What has driven performance in 9mFY10?
  • While not being able to profitably deploy excess liquidity in the domestic markets, Bank of Baroda leveraged its overseas franchises to grow its balance sheet in the third quarter of FY10. The pressure on interest rates, however, took a toll on the bank’s margins (NIMs). Bank of Baroda (BoB) grew its global advances and global deposits by 38% and 53% respectively in 9mFY10. The growth in overseas loan book although higher than the domestic book was not equally profitable due to excessive pressure on yields. The proportion of low cost deposits in the domestic portfolio was 36% of total deposits in 9mFY10. BOB increased its exposure to SME and agricultural assets while cutting down its retail loan book in the last quarter. While the bank hopes to sustain the level of NIM in the range of 2.5% to 3% in FY10, we have conservatively estimated at 2.2% for the full year.

    Overseas book leads growth
      9mFY09 % of total 9mFY10 % of total Change
    Advances 1,264,750   1,561,710   23.5%
    Domestic 973,390   1,160,000   19.2%
    % of total 77%   74%    
    Agriculture 156,550 12.4% 188,030 16.2% 20.1%
    Retail 188,050 14.9% 223,010 14.3% 18.6%
    SME 137,100 10.8% 202,330 13.0% 47.6%
    Overseas 291,360   401,710   37.9%
    Deposits 1,686,160   2,151,170   27.6%
    Domestic 1,365,160   1,661,590   21.7%
    % of total 81%   77%    
    CASA 492,830 38.6% 613,850 36.2% 24.6%
    Term deposits 872,330 63.9% 1,047,740 63.1% 20.1%
    Overseas 321,000   489,580   52.5%

  • Although, BOB seems to have drawn focus on this counter to shield its profits from getting eroded by the lower NIMs and treasury losses a large part of the other income in 9mFY10 were primarily from trading gains.

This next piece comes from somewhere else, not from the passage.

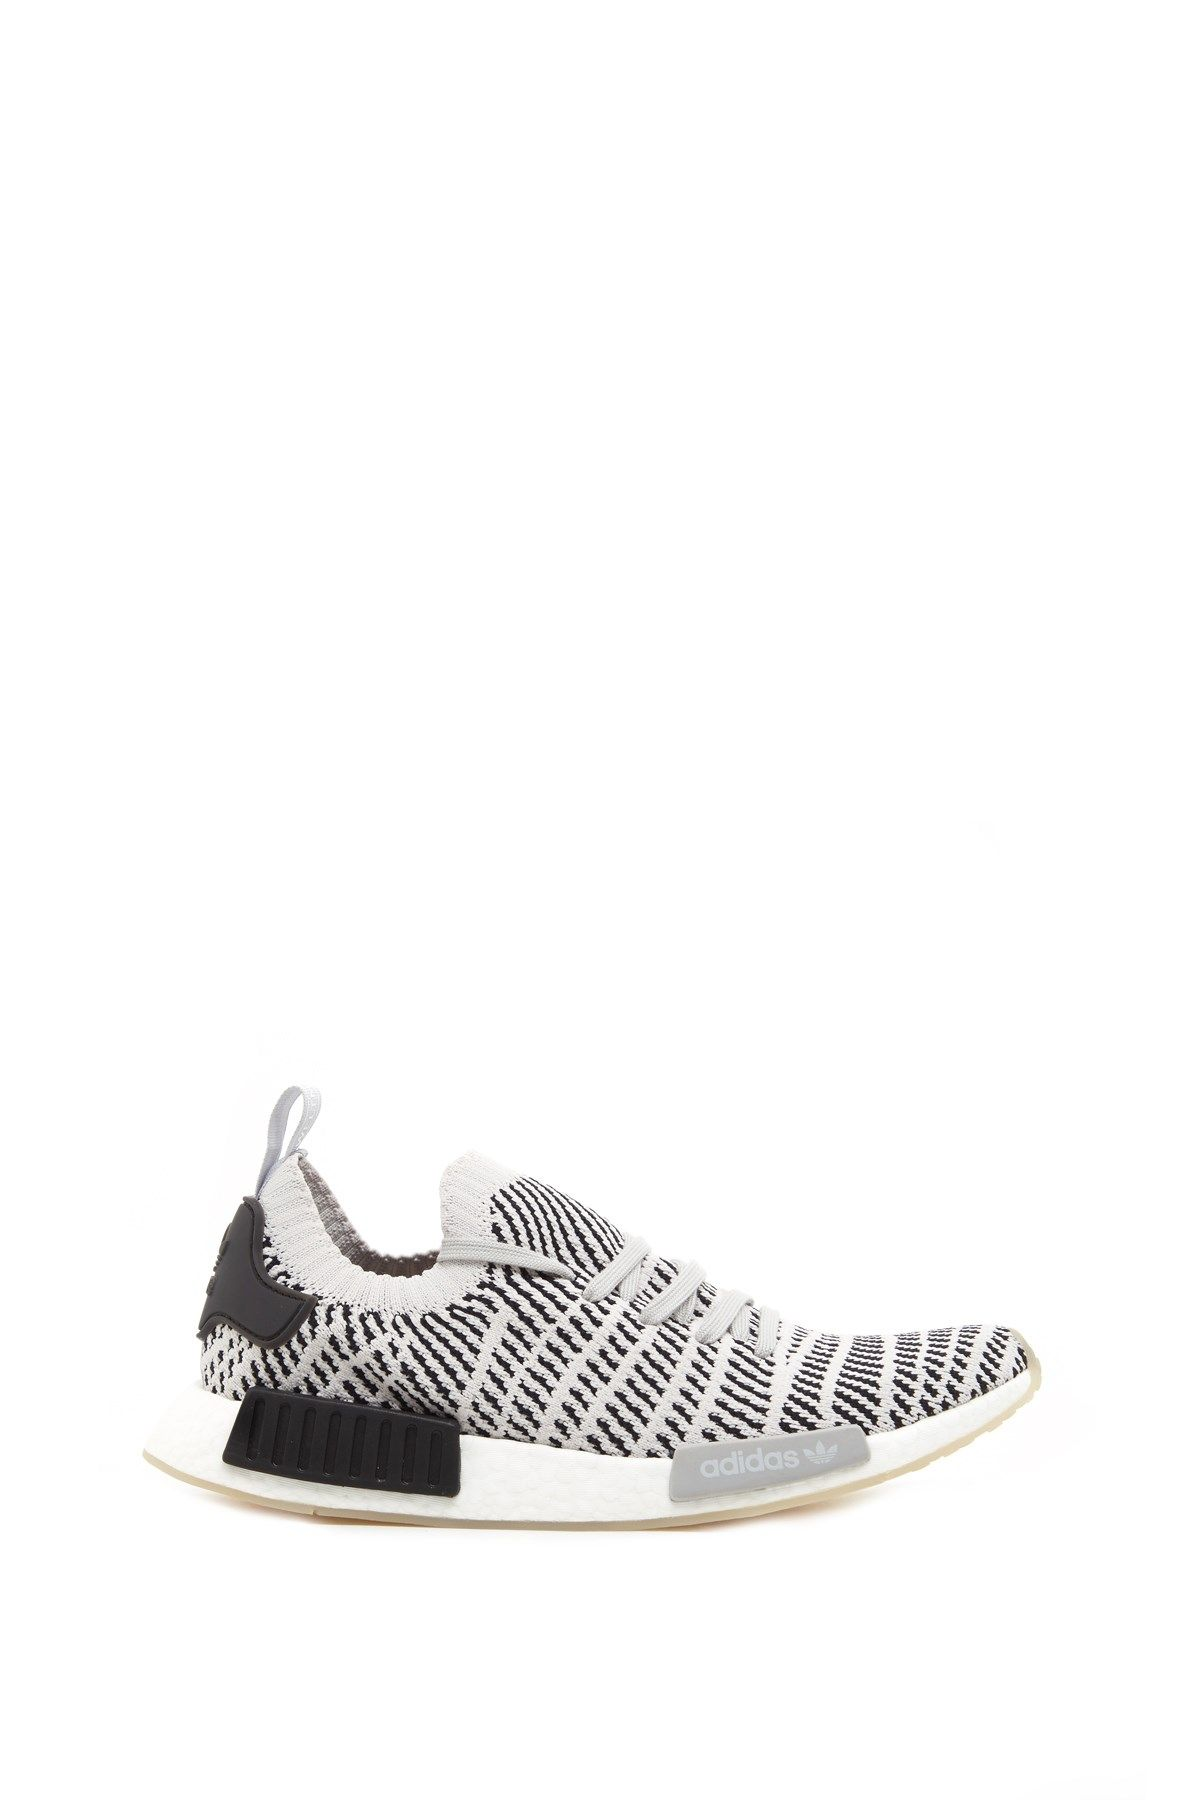 online retailer 70d23 f401b ADIDAS ORIGINALS nmd r1 pk stealth sneakers.  adidasoriginals  shoes

Fee income backed by growth in commissions and forex income grew by 13% to form 11% of total income at the end of 9mFY10. The bank currently has 79% of investments in the HTM basket.

  • The bank’s cost to income ratio was 51% for the domestic operations and 22% for the overseas operations in 9mFY10. Overall cost to income ratio was 46% in 9mFY10.

  • The net NPAs declined from 0.4% of total advances in 9mFY09 to 0.3% in 9mFY10. More importantly, the growth in cash recoveries substantially reduced the provisioning requirement for the bank in 9mFY10. The NPA coverage ratio stood at a comfortable 78% at the end of 9mFY10.

  • BOB’s overseas business contributed 24% of the bank’s total business, 24% of profits and 42% of the fee based income in 9mFY10.

  • BoB is targeting an overall business growth of 25% in FY10, while growing its fee based income by atleast 20% YoY.

What to expect?
At the current price of Rs 551, the stock is valued at 1.0 time our estimated FY12 adjusted book value. The bank has marginally outperformed our broad asset growth and margin estimations so far in FY10. While we draw comfort from the bank’s adequate capital and high provisioning cover, the low fee income proportion is our concerns with regard to the bank. We maintain our positive view on the stock.